KOMISI Pemberantasan Korupsi tak perlu ragu menjadikan Sjamsul Nursalim sebagai tersangka penyelewengan dana Bantuan Likuiditas Bank Indonesia (BLBI). Sudah terlalu lama kasus ini terkatung-katung meski para penyidik telah punya cukup bukti untuk menjerat pemilik perusahaan Gajah Tunggal itu dengan sangkaan korupsi dan kolusi.
KPK telah menetapkan mantan Kepala Badan Penyehatan Perbankan Nasional (BPPN), Syafruddin A. Temenggung, sebagai tersangka. Ia pejabat negara yang memberikan surat keterangan lunas atas utang Sjamsul kepada negara. Audit dan penyidikan KPK menemukan, pengusaha Orde Baru itu tidak menunaikan seluruh kewajibannya.
Syahdan, pada 1998, akibat krisis ekonomi, pemerintah mengucurkan BLBI kepada sejumlah bank yang kesulitan likuiditas. Ketika ekonomi makin terpuruk, atas mandat Dana Moneter Internasional (IMF), pemerintah menutup 16 bank. Bank Dagang Nasional Indonesia (BDNI) milik Sjamsul mendapat kucuran Rp 30,9 triliun dari total Rp 144,5 triliun dana BLBI.

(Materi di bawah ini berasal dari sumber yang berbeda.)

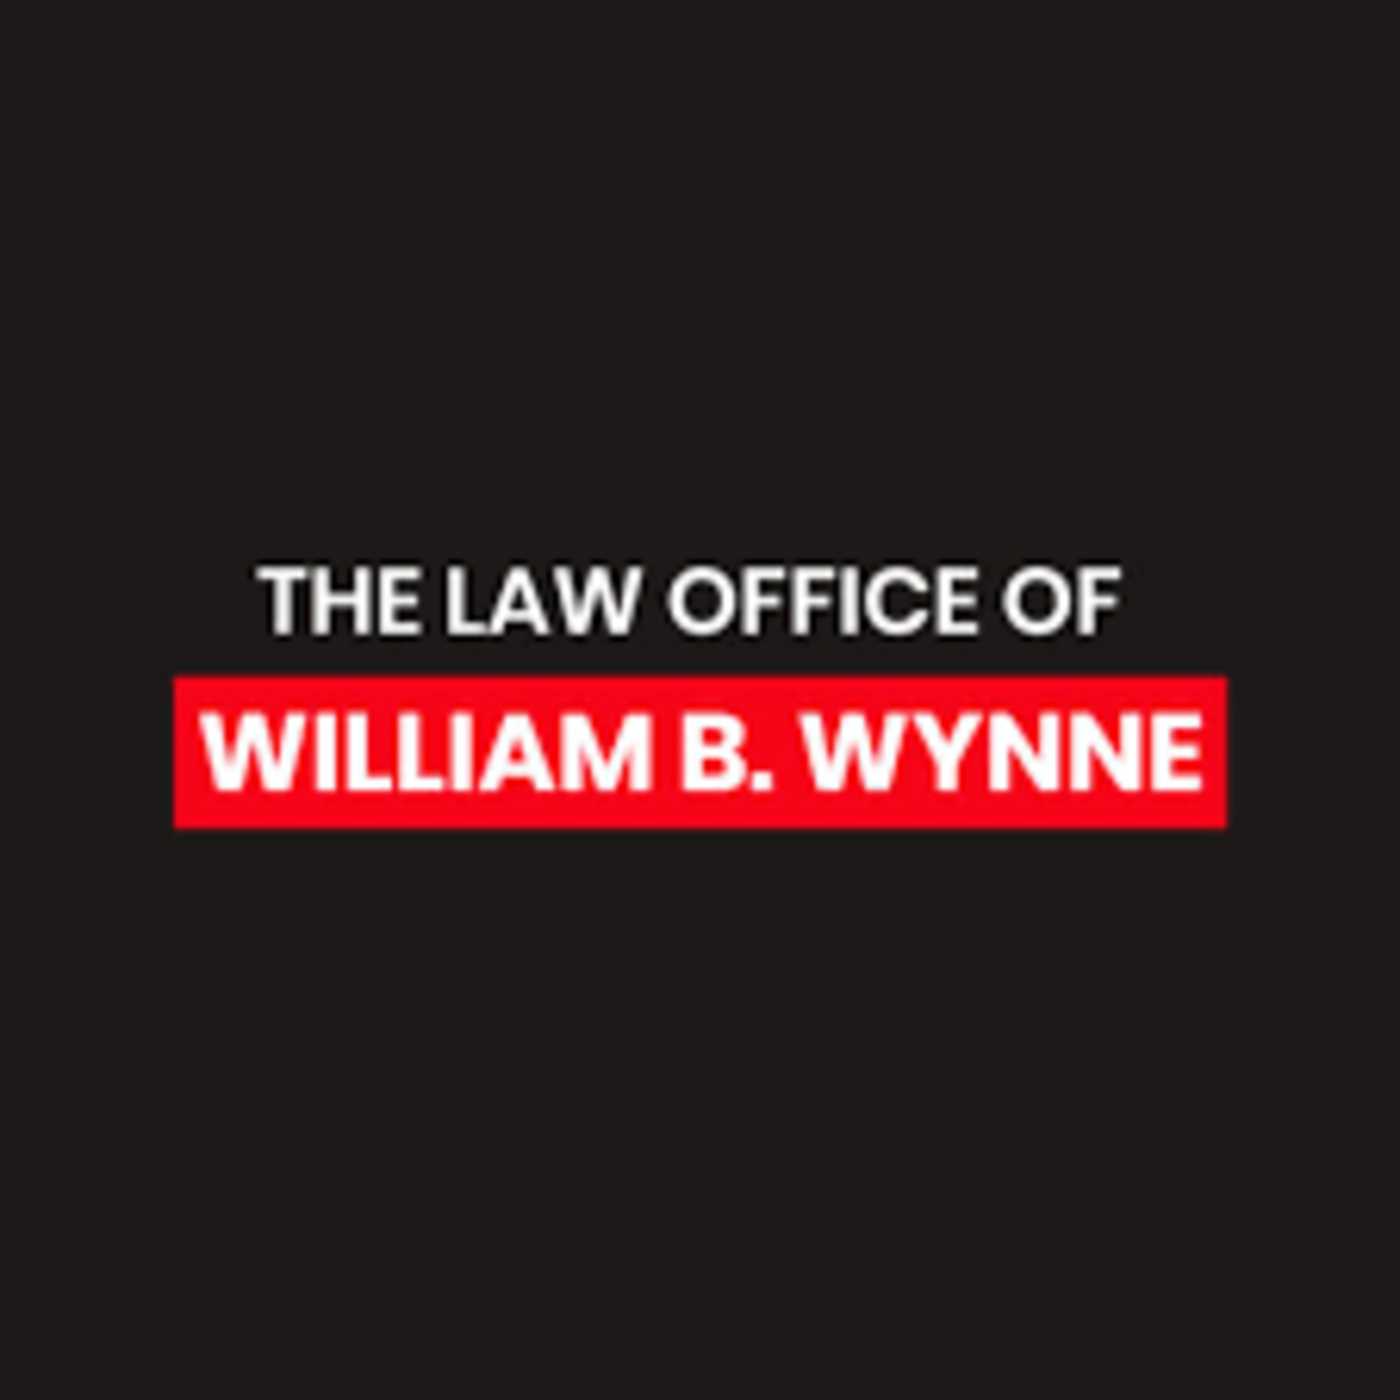 William BWynne

Sjamsul memang mengembalikan sebagian utangnya. Namun BPPN menemukan ada yang tak beres dalam pelunasan itu. Salah satunya, Sjamsul dianggap melakukan kebohongan dengan menyatakan piutang kepada pihak ketiga sebagai aset lancar. Kenyataannya, piutang tersebut dalam kondisi macet.
Meski demikian, Kepala BPPN Syafruddin Temenggung mengeluarkan surat keterangan lunas atas nama Sjamsul Nursalim. Surat tersebut menyatakan Sjamsul telah menyelesaikan kewajiban Rp 28,4 triliun. Belakangan, Badan Pemeriksa Keuangan mengeluarkan hasil audit investigasi atas pemberian surat lunas itu. Hasilnya, ditemukan kerugian negara sebesar Rp 4,58 triliun. Alih-alih melunasi sisa utang, Sjamsul malah mengaku sakit, lalu pergi ke Singapura.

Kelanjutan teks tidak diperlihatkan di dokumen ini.